Figure 4: Dollar-sterling exchange rate, from 2005 to the present
Source: Bank of England
What does the public think?
America influences Britain, and we are just over a year away from key local elections, based on a new voting system akin to proportional representation that will give smaller parties considerably more power. What does the public, on each side of the Atlantic, think?
In the United States, this is a partisan issue (see Figure 5). A recent Ipsos poll of nearly 1,500 Americans found that almost 90% of Democrats believe that the tariffs will do more harm than good – with 67% strongly agreeing. Republicans were much more positive, with less than 10% strongly agreeing. Republicans were also more ambivalent: nearly 20% said they were unsure.
Figure 5: ‘US tariffs will do more harm than good’ agreement by partisanship
Source: Ipsos/Reuters polling of 1,486 US residents, 31 March to 2 April 2025
In the UK, there appears to be appetite for a retaliation. A recent YouGov poll found net support for retaliatory tariffs at 60%: 71% in favour, 11% against. But Britons express less certainty than other Europeans. Denmark, perhaps riled by President Trump’s approach to Greenland, is the country that with the strongest support for retaliation (see Figure 6).
Figure 6: ‘Do you support or oppose retaliatory tariffs on US goods?’

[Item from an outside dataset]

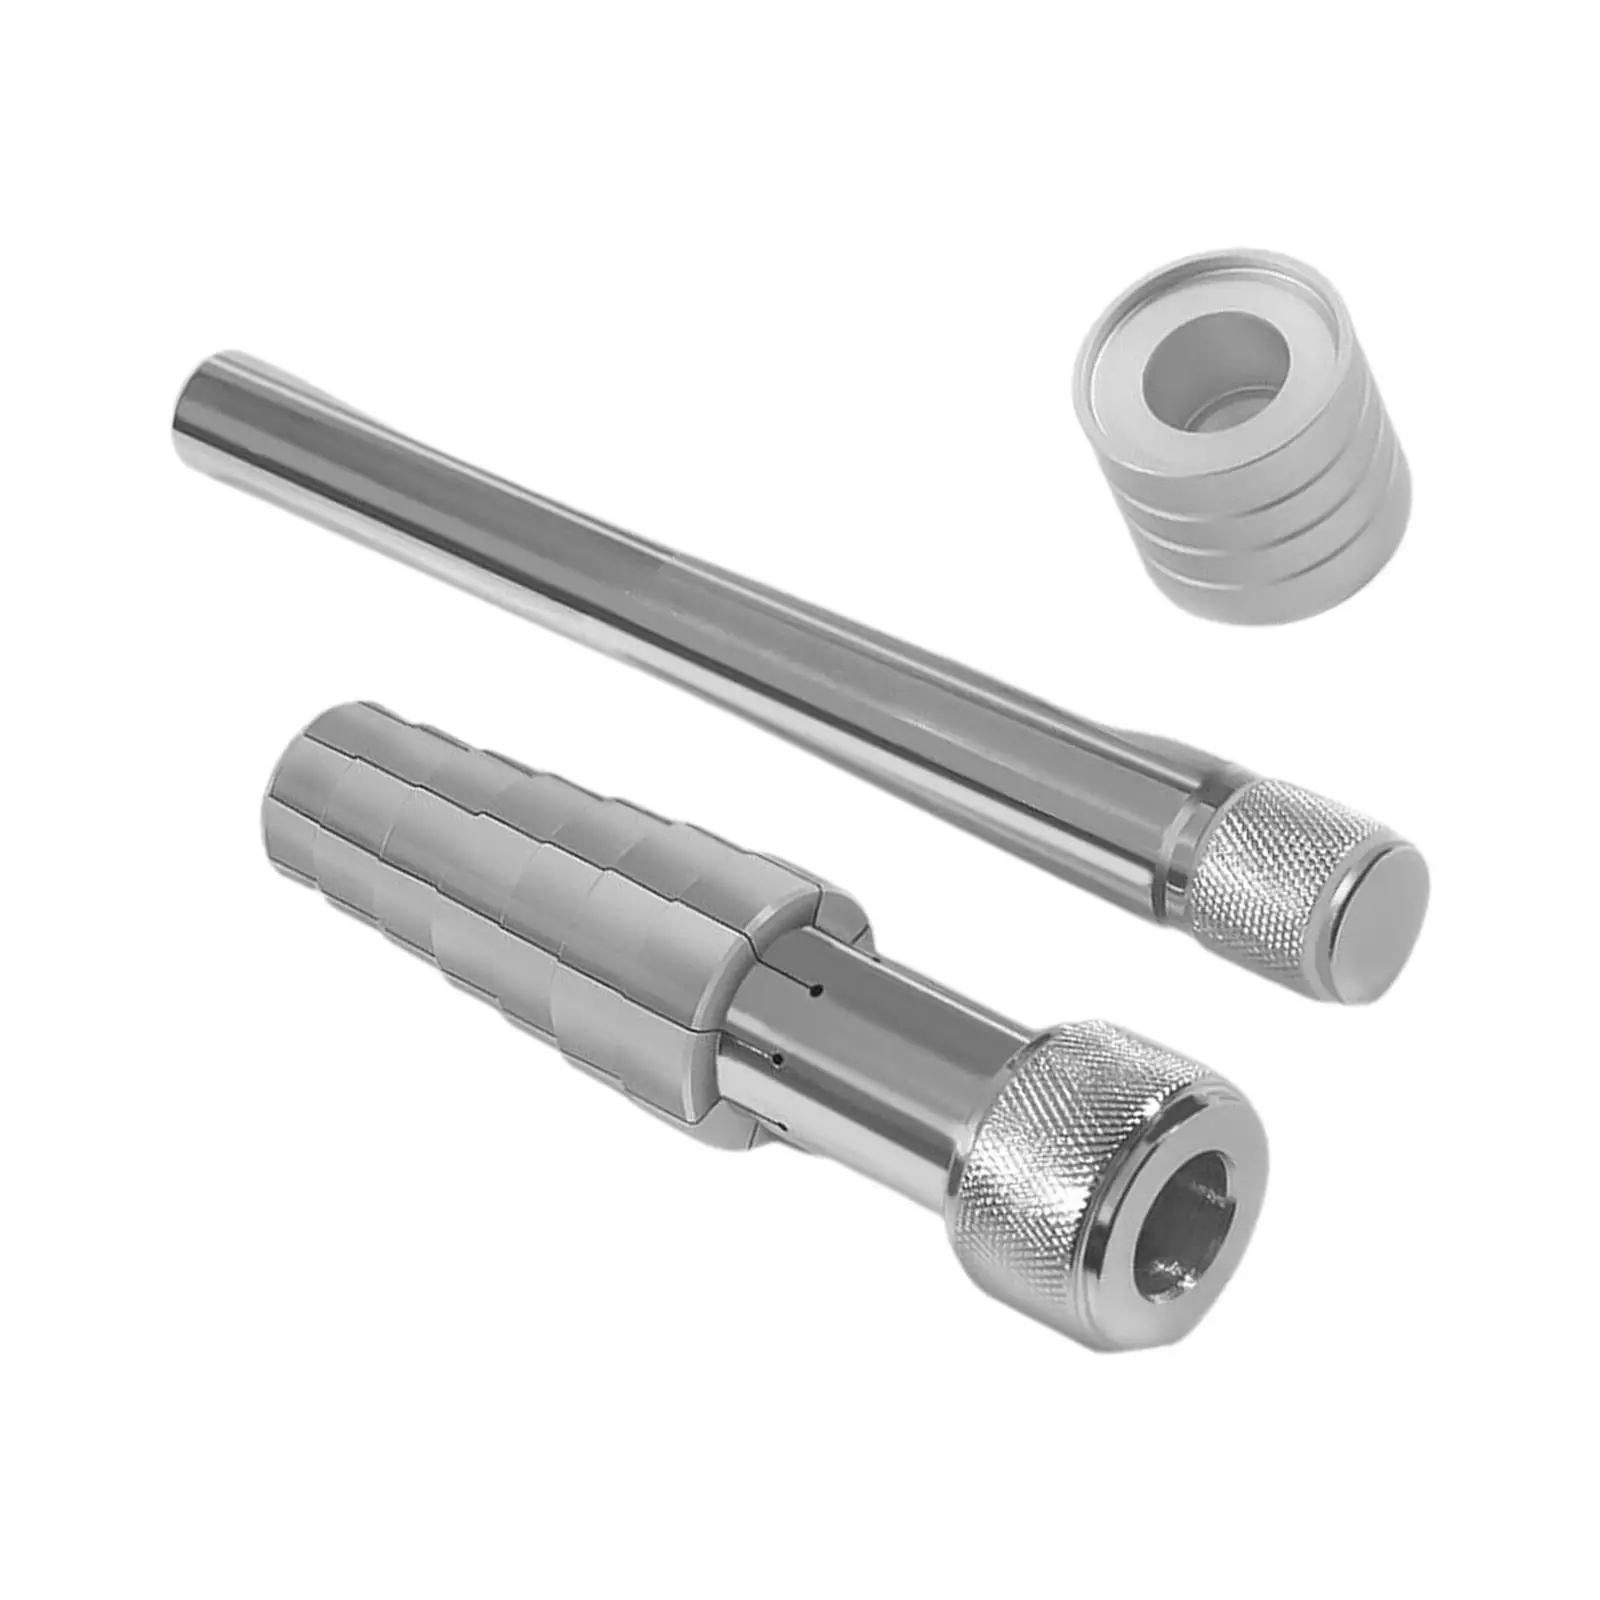 Ring Stretcher, Enlarger Expander Mandrel Finger Wedding Band Sizers Jewelry Ring Sizing Tool

Source: YouGov poll of 9,452 adults in Denmark, Sweden, Spain, France, Great Britain, Germany and Italy
Where can I find out more?
- Mary Amiti, Stephen Redding and David Weinstein (2019) ’The Impact of the 2018 Tariffs on Prices and Welfare’, Journal of Economic Perspectives 33(4): 187-210.
- Alberto Cavallo, Gita Gopinath, Brent Neiman and Jenny Tang (2021) ‘Tariff Pass-through at the Border and at the Store: Evidence from US Trade Policy’, American Economic Review: Insights 3(1): 19-34.
- Edmund Conway (2014) The Summit: The Biggest Battle of the Second World War – fought behind closed doors, Little, Brown.
- Barry Eichengreen (2019) Globalizing Capital: A History of the International Monetary System – Third Edition , Princeton University Press.
- Stephen Miran (2024) ‘A User’s Guide to Restructuring the Global Trading System’, Hudson Bay Capital, November.